US interest rate raised amid solid growth and increasing inflation
The Fed foresees four rate hikes this year, up from the three it had previously forecast.
The Federal Reserve has raised its benchmark interest rate for the second time this year and signalled it may step up its pace of rate increases because of solid US economic growth and rising inflation.
The Fed now foresees four rate hikes this year, up from the three it had previously forecast.
The central bank raised its key short-term rate on Wednesday by a modest quarter-point to a range of 1.75% to 2%.
The move reflects the economy’s resilience, the job market’s strength and inflation that is finally nearing the Fed’s target level. The action means consumers and businesses will face higher loan rates over time.
It was the Fed’s seventh rate increase since it began tightening credit in 2015, and it followed an increase in March this year.
The Fed announcement helped resolved a debate in financial markets over whether the Fed under Jerome Powell, who succeeded Janet Yellen as chairman in February, might see a need to signal a possible acceleration in rate hikes.
The statement the Fed issued on Wednesday after its latest policy meeting ended suggested that he does.

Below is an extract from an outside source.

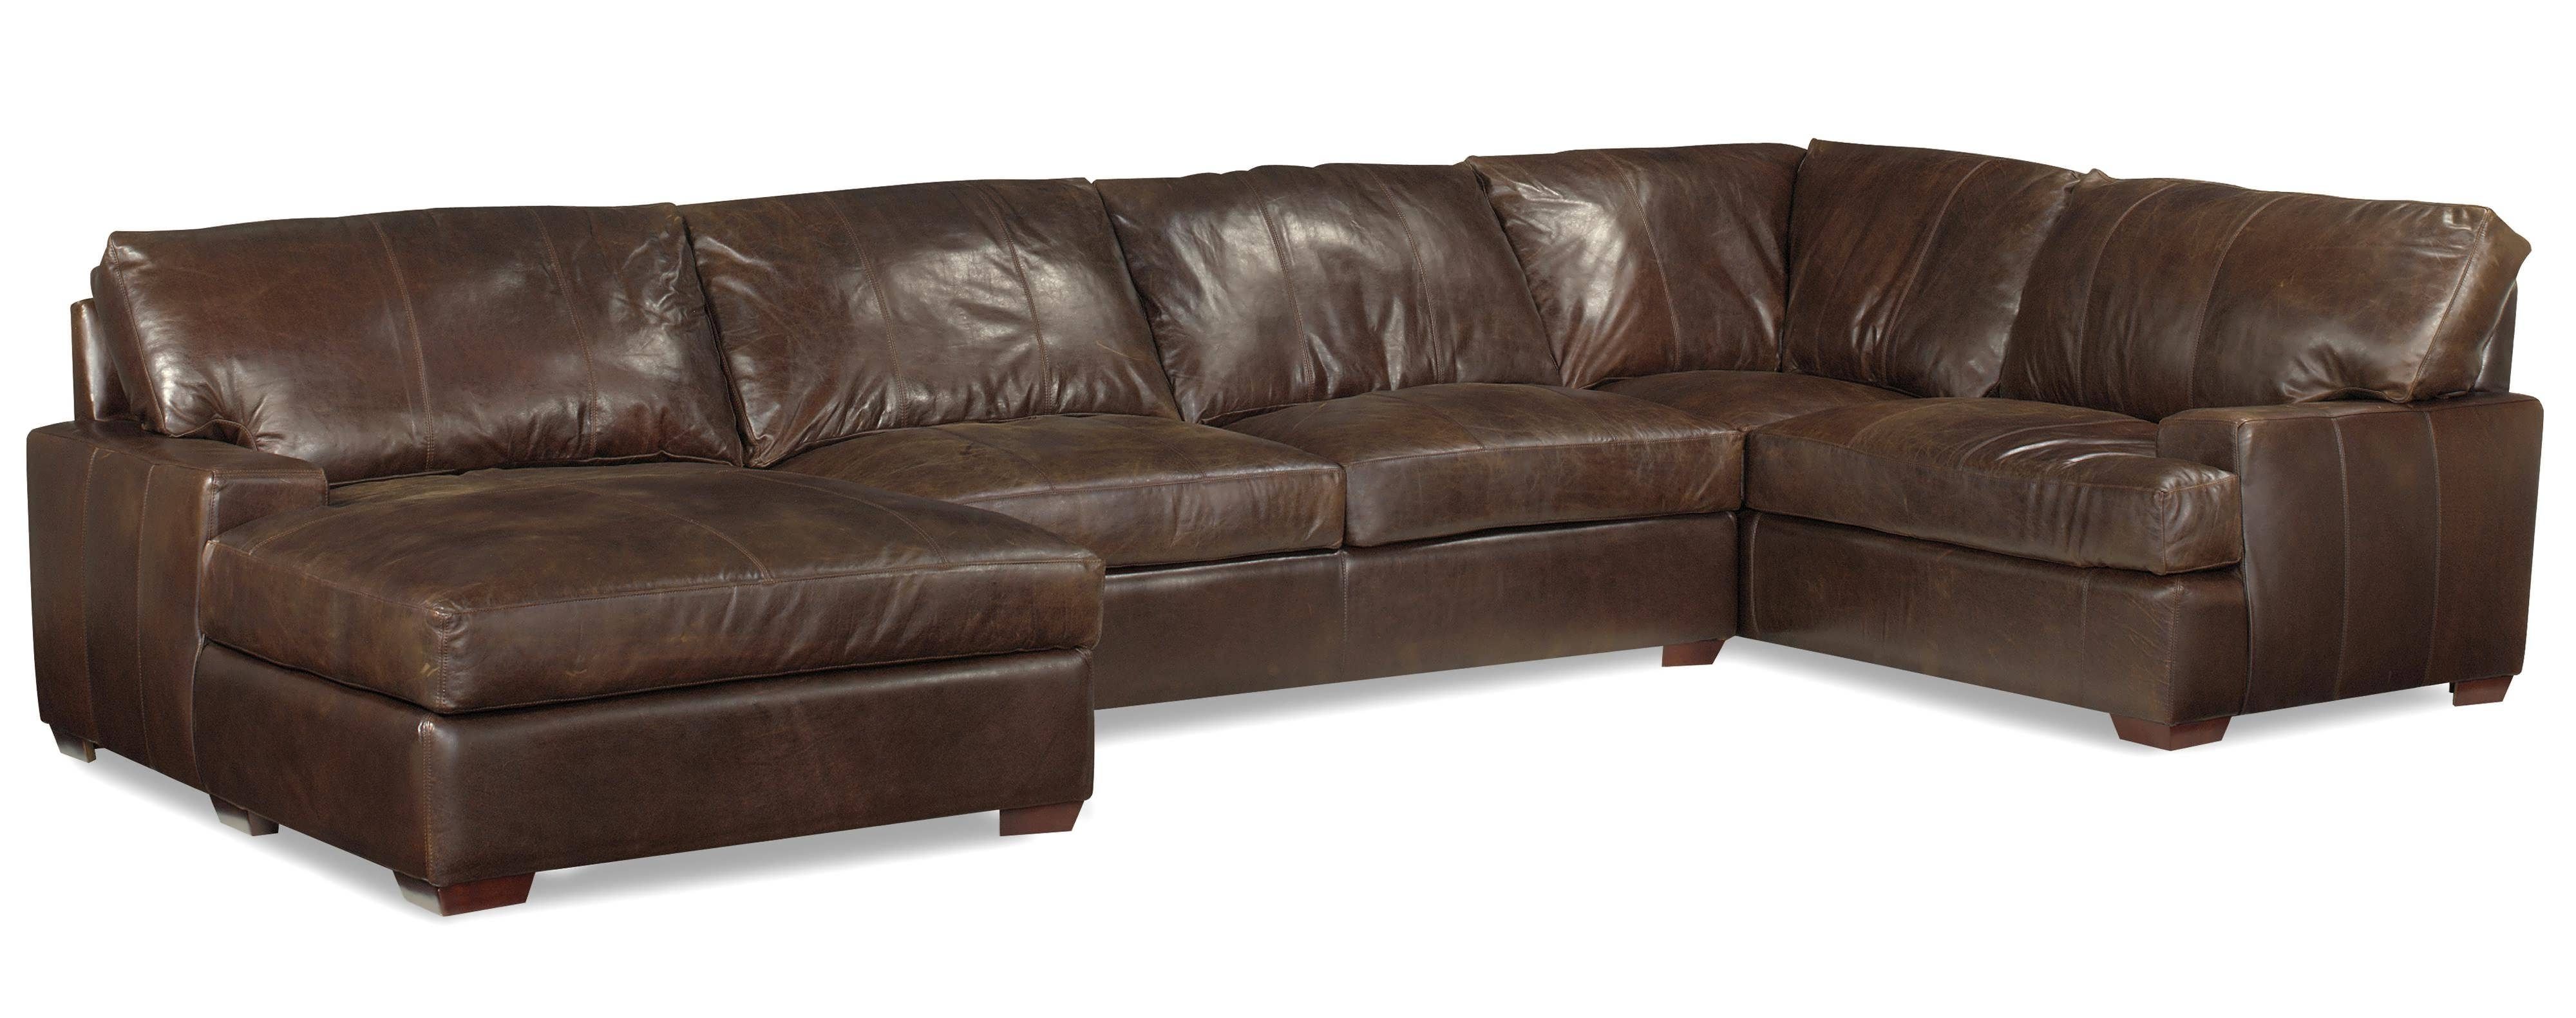 abbot sectional chaise sofa leather

Besides raising its projection for rate increases this year from three to four, the Fed removed a key sentence from the previous statement that had been viewed as foreseeing a need to keep rates low for an extended period.

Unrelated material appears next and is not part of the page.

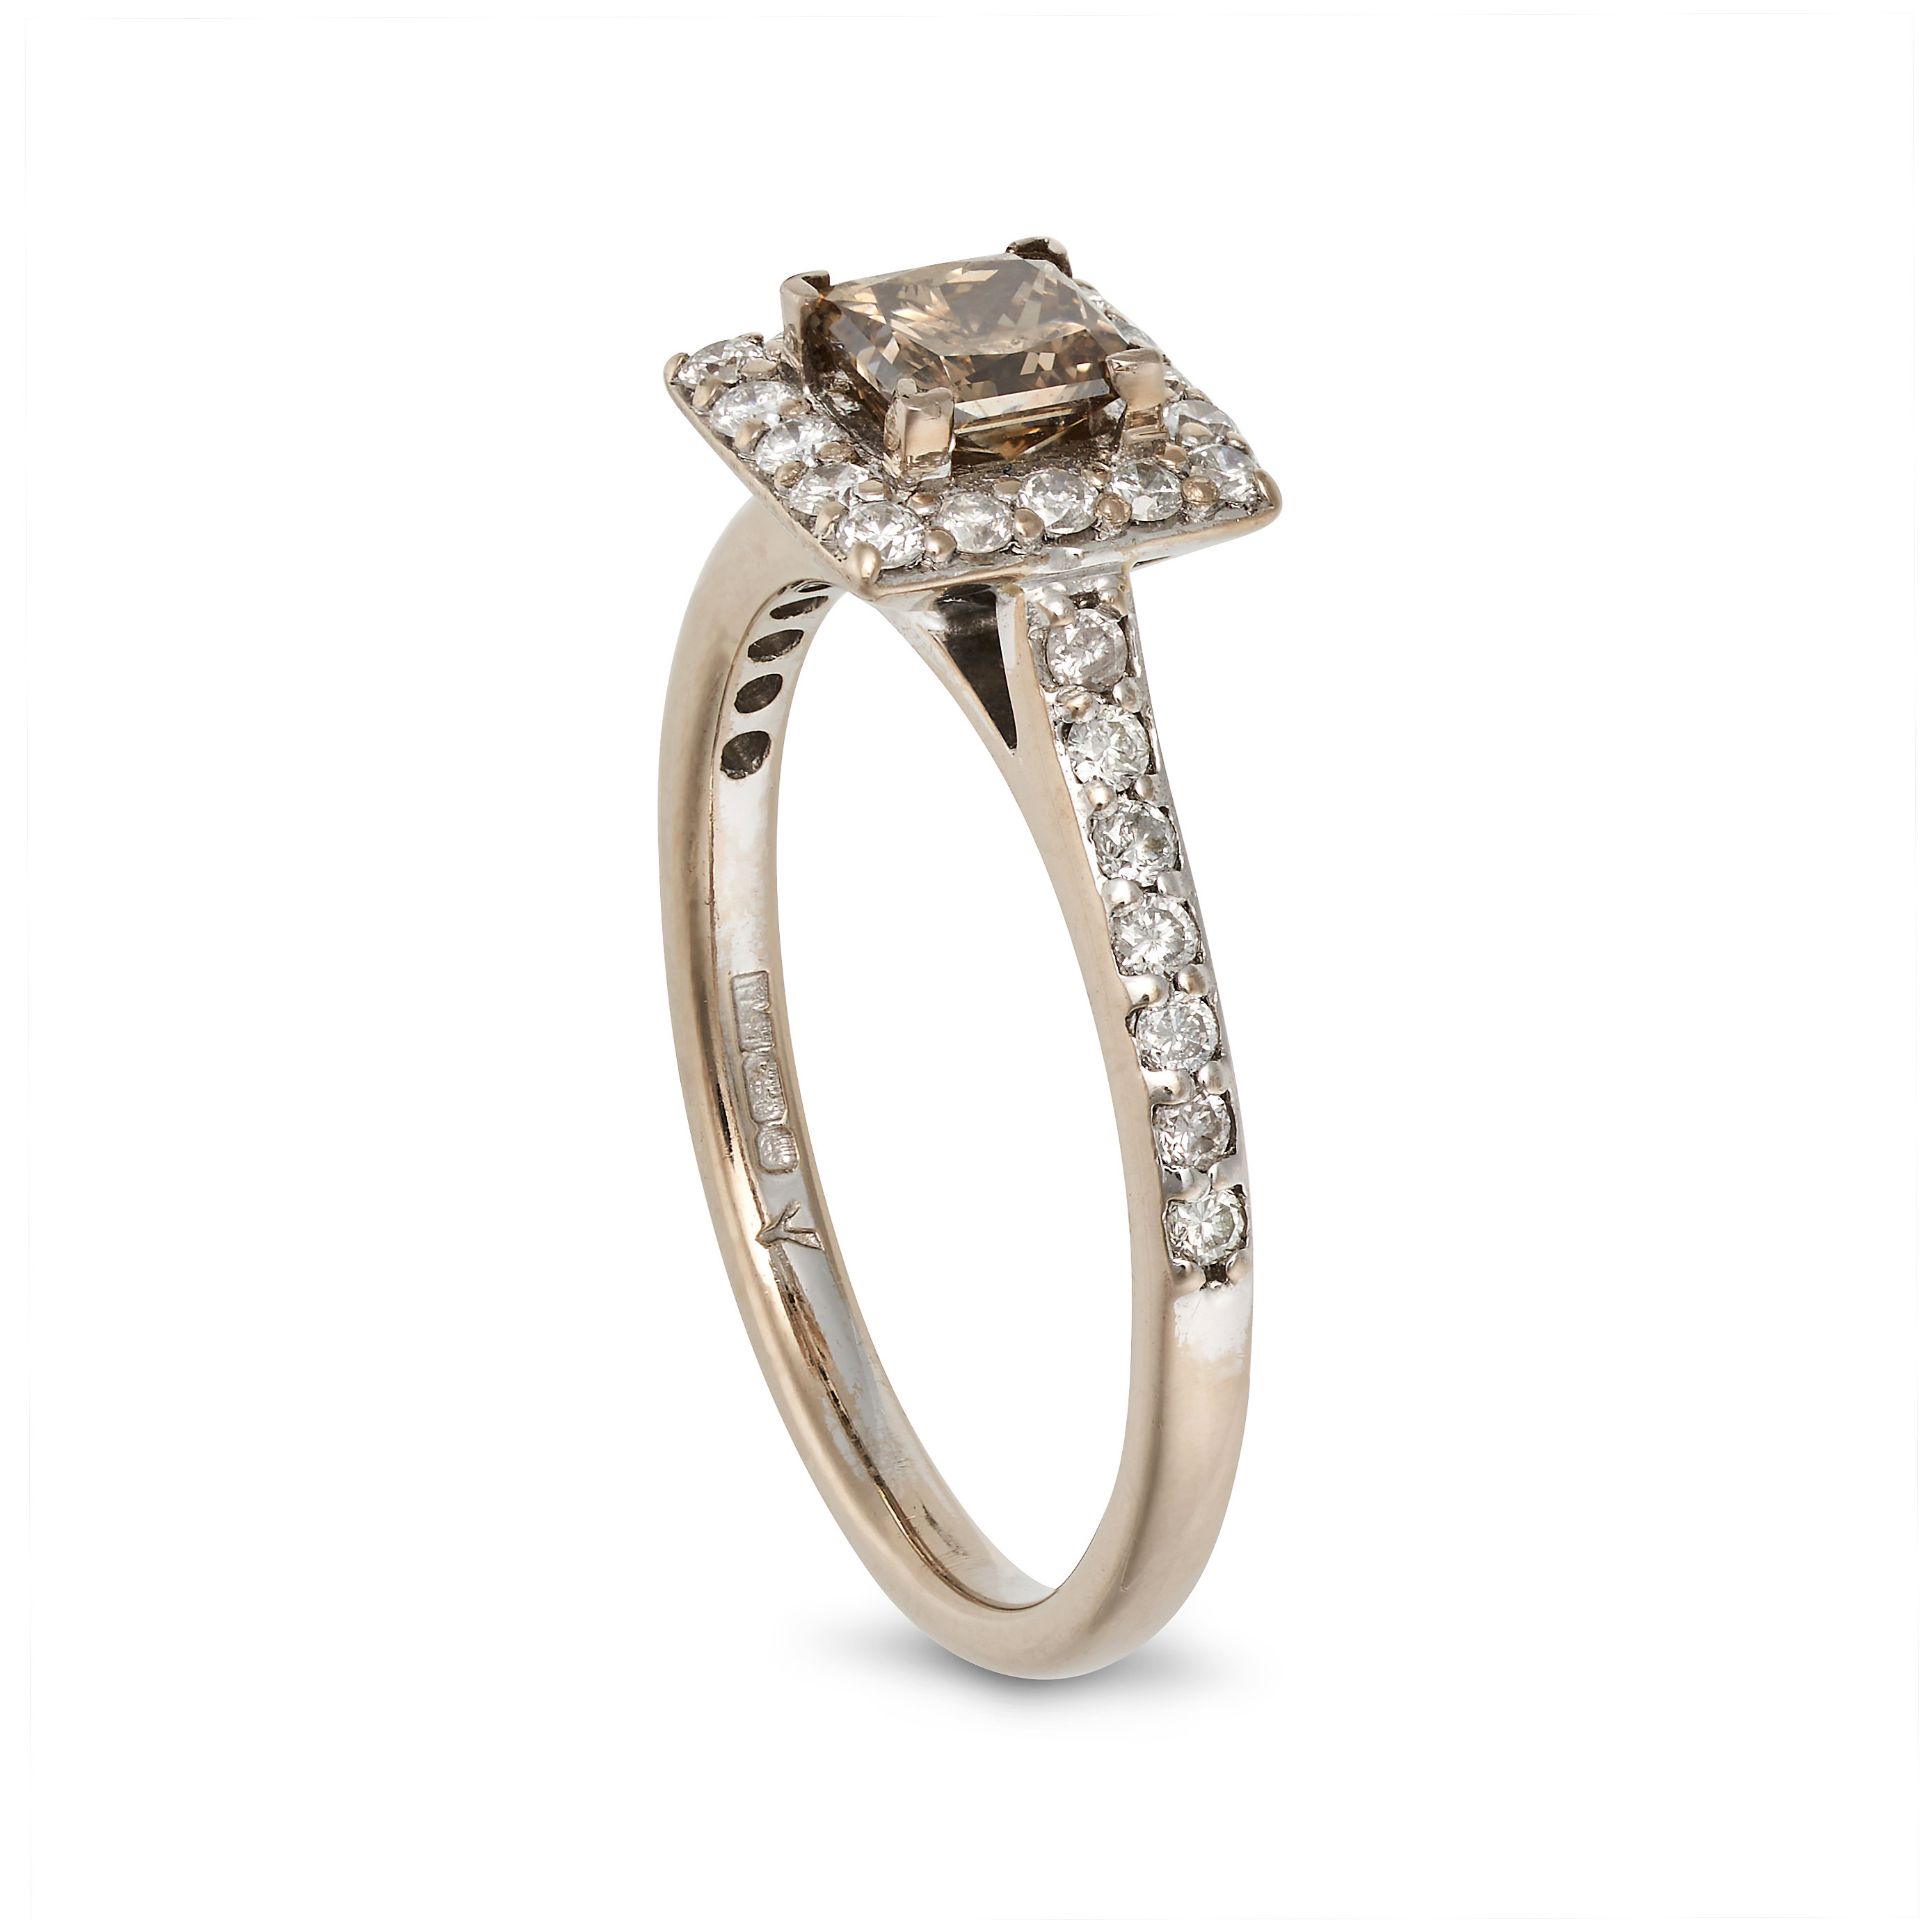 A BROWN AND WHITE DIAMOND CLUSTER RING in 18ct white gold, set with a princess cut brown diamond ... - Image 2 of 2

The Fed had said its key rate “is likely to remain, for some time, below levels that are expected to prevail in the longer run”.

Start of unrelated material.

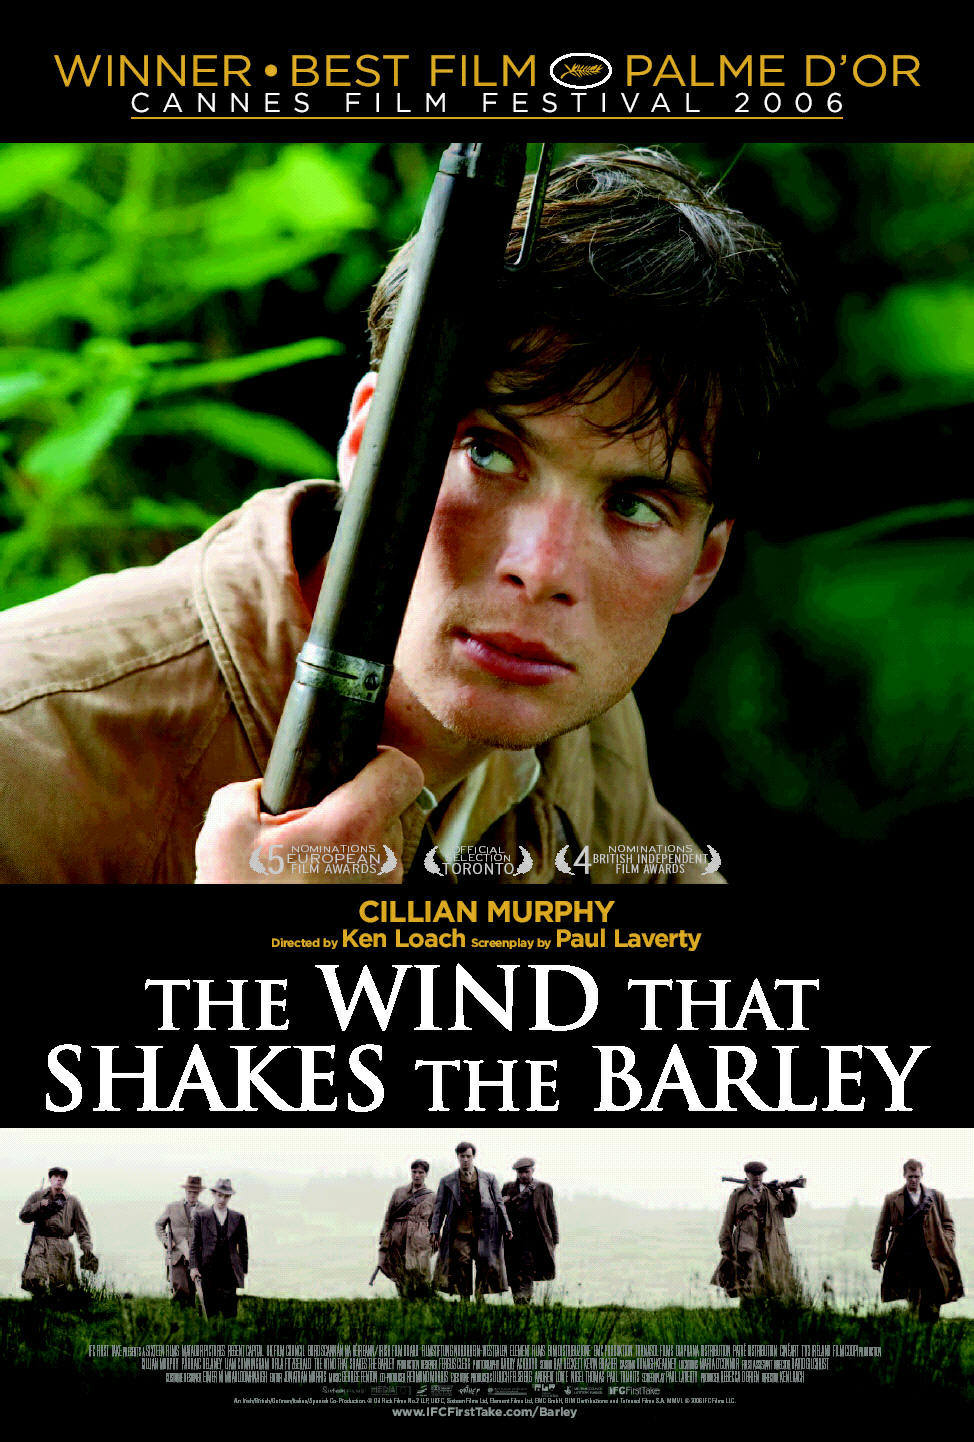 the-wind-that-shakes-the-barley-movie-poster.jpg

The Fed’s new projection for the pace of rate hikes shows four this year and three in 2019 — both unchanged from its previous forecast in March — and one in 2020, down from the two that had been projected previously.
The new median forecast projects the Fed’s benchmark rate at 3.1% by the end of 2019, up from 2.9% in the previous forecast.
For 2020, the Fed foresees a median rate of 3.4%. That means that by then, it thinks its key rate will finally exceed the 2.9% it sees as neutral — as neither stimulating nor restraining growth. Should the Fed’s expectations prove accurate, its rate policy would then be intended to slow the economy.
In its updated forecasts, the Fed envisions stronger growth this year, with the economy expanding 2.8%, up from the 2.7% it predicted in March.
Unemployment, now at an 18-year low of 3.8%, would drop to 3.6% by year’s end and to 3.5% in 2019 and 2020 — levels not seen in 49 years. Inflation by the Fed’s preferred gauge would hit its target of 2% this year and edge up to 2.1% over the next two years.
A gradual rise in inflation is coinciding with newfound economic strength.
After years in which the economy expanded at roughly 2% annually, growth could top 3% this year. Consumer and business spending is powering the economy, in part a result of the tax cut President Donald Trump pushed through Congress late last year.
With employers hiring at a solid pace month after month, unemployment has reached 3.8%. Not since 1969 has the jobless rate been lower.